Of all the entries below, only the lines from the one with "Crafty chic mommy" up to and including the one with "Lot 5, 71 Tesuque" are to be duplicated exactly.

[Collected data]
● ● ● ● ● ● ●

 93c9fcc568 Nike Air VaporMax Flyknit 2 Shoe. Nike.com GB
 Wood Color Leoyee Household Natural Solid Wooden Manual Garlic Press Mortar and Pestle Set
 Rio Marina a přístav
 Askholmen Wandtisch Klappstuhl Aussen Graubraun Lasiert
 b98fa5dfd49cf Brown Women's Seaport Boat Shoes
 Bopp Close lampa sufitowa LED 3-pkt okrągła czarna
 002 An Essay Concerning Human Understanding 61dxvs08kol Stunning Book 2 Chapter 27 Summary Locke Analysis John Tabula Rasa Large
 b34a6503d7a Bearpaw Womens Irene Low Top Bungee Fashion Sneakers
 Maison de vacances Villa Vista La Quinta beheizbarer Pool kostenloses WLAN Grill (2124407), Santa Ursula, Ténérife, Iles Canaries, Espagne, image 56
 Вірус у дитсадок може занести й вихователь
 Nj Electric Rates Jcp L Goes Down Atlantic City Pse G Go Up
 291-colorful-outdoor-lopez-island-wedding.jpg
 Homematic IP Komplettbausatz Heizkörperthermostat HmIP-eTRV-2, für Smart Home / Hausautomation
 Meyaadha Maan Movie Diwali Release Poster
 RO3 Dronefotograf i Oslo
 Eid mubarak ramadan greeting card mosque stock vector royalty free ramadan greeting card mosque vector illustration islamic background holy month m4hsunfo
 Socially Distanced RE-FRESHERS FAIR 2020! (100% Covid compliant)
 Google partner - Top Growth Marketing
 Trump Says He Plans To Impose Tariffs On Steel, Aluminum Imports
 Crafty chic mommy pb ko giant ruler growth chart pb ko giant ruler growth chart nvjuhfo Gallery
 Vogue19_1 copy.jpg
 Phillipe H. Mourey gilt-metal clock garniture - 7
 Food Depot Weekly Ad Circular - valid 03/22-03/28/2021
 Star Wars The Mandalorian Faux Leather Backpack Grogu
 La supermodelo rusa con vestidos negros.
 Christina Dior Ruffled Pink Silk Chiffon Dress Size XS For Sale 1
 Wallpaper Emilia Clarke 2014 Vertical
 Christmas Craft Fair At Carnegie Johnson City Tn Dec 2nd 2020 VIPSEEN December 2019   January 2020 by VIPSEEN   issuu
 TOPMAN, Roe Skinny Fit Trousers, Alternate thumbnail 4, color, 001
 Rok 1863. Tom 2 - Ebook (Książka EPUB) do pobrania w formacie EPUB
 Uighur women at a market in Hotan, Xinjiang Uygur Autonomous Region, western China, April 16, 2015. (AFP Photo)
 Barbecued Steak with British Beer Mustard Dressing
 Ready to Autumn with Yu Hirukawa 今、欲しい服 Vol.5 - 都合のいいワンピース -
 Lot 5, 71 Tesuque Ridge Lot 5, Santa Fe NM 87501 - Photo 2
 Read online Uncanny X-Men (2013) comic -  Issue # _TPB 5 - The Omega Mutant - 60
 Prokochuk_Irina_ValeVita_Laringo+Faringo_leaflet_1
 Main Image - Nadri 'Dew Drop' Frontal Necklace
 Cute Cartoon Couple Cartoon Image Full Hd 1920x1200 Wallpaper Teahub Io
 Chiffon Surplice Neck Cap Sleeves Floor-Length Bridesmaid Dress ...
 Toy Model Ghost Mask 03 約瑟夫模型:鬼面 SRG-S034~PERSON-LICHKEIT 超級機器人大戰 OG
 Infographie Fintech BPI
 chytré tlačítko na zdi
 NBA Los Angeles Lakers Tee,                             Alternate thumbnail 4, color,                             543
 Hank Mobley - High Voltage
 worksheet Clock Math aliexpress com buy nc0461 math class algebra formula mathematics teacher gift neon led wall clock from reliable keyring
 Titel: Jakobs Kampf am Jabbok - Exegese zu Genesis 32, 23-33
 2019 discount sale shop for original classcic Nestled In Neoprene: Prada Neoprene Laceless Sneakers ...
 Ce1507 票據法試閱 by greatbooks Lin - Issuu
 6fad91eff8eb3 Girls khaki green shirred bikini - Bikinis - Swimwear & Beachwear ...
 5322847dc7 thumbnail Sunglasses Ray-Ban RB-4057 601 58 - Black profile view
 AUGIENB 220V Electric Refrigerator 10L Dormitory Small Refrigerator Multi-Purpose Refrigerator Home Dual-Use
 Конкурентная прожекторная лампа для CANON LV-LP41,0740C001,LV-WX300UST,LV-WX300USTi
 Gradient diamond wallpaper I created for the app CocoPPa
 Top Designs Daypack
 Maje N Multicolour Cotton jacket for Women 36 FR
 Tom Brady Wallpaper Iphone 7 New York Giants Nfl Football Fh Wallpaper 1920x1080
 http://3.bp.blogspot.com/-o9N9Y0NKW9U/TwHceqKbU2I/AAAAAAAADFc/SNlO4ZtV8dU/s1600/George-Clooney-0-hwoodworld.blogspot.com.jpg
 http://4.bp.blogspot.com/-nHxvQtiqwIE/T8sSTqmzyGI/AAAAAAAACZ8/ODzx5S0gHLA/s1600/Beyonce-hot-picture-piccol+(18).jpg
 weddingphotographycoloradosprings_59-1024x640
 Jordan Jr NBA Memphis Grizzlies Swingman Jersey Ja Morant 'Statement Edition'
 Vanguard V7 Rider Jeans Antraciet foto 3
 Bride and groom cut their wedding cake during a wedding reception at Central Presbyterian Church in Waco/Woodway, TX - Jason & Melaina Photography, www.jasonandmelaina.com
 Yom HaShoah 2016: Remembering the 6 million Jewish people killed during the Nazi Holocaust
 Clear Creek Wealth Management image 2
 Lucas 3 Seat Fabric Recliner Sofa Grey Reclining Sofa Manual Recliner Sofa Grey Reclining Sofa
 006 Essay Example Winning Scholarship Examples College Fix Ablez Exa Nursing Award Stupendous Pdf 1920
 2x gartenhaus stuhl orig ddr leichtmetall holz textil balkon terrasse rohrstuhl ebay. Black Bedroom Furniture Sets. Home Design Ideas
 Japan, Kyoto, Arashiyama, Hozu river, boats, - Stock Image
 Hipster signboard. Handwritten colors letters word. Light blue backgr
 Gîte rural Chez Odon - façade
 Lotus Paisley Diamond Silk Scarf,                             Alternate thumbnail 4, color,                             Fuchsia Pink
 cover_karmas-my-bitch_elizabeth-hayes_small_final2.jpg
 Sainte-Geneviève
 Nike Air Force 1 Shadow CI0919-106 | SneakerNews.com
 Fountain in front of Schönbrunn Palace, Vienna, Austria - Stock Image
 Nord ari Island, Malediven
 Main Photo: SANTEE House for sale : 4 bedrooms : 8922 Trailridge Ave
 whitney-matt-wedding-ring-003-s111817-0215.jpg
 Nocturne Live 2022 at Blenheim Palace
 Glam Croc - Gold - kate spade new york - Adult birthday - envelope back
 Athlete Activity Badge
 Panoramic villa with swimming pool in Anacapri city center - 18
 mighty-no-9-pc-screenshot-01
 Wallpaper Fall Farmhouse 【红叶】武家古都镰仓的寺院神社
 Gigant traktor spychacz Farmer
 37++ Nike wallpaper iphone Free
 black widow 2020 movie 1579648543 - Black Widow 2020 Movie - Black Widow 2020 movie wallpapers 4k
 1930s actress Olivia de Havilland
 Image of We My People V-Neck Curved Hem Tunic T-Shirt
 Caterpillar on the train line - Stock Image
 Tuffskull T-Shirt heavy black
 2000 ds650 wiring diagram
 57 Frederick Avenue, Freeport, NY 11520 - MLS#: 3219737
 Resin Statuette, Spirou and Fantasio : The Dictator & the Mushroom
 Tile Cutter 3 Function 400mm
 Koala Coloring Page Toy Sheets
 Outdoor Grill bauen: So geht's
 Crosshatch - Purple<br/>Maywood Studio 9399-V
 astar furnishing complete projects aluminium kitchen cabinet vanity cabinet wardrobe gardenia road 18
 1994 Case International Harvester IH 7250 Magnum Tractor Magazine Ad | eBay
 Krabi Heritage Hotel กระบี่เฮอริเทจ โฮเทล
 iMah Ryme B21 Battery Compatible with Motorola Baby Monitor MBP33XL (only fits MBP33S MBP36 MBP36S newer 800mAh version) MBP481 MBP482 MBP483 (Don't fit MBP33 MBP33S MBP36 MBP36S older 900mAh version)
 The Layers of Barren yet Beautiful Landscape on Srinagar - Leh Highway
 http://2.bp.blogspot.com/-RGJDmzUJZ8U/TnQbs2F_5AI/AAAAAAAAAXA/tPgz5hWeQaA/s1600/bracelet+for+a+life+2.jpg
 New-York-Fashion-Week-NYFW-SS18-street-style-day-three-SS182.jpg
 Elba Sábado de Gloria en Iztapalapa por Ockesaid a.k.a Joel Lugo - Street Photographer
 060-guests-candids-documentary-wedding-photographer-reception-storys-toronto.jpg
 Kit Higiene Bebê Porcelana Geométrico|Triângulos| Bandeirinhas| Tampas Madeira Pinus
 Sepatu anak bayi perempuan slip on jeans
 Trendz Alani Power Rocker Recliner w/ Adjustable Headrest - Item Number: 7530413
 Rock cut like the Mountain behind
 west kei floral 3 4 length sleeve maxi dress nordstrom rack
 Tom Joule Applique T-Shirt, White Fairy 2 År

● ● ● ● ● ● ●

▸ **YOUR RESPONSE**:
 Crafty chic mommy pb ko giant ruler growth chart pb ko giant ruler growth chart nvjuhfo Gallery
 Vogue19_1 copy.jpg
 Phillipe H. Mourey gilt-metal clock garniture - 7
 Food Depot Weekly Ad Circular - valid 03/22-03/28/2021
 Star Wars The Mandalorian Faux Leather Backpack Grogu
 La supermodelo rusa con vestidos negros.
 Christina Dior Ruffled Pink Silk Chiffon Dress Size XS For Sale 1
 Wallpaper Emilia Clarke 2014 Vertical
 Christmas Craft Fair At Carnegie Johnson City Tn Dec 2nd 2020 VIPSEEN December 2019   January 2020 by VIPSEEN   issuu
 TOPMAN, Roe Skinny Fit Trousers, Alternate thumbnail 4, color, 001
 Rok 1863. Tom 2 - Ebook (Książka EPUB) do pobrania w formacie EPUB
 Uighur women at a market in Hotan, Xinjiang Uygur Autonomous Region, western China, April 16, 2015. (AFP Photo)
 Barbecued Steak with British Beer Mustard Dressing
 Ready to Autumn with Yu Hirukawa 今、欲しい服 Vol.5 - 都合のいいワンピース -
 Lot 5, 71 Tesuque Ridge Lot 5, Santa Fe NM 87501 - Photo 2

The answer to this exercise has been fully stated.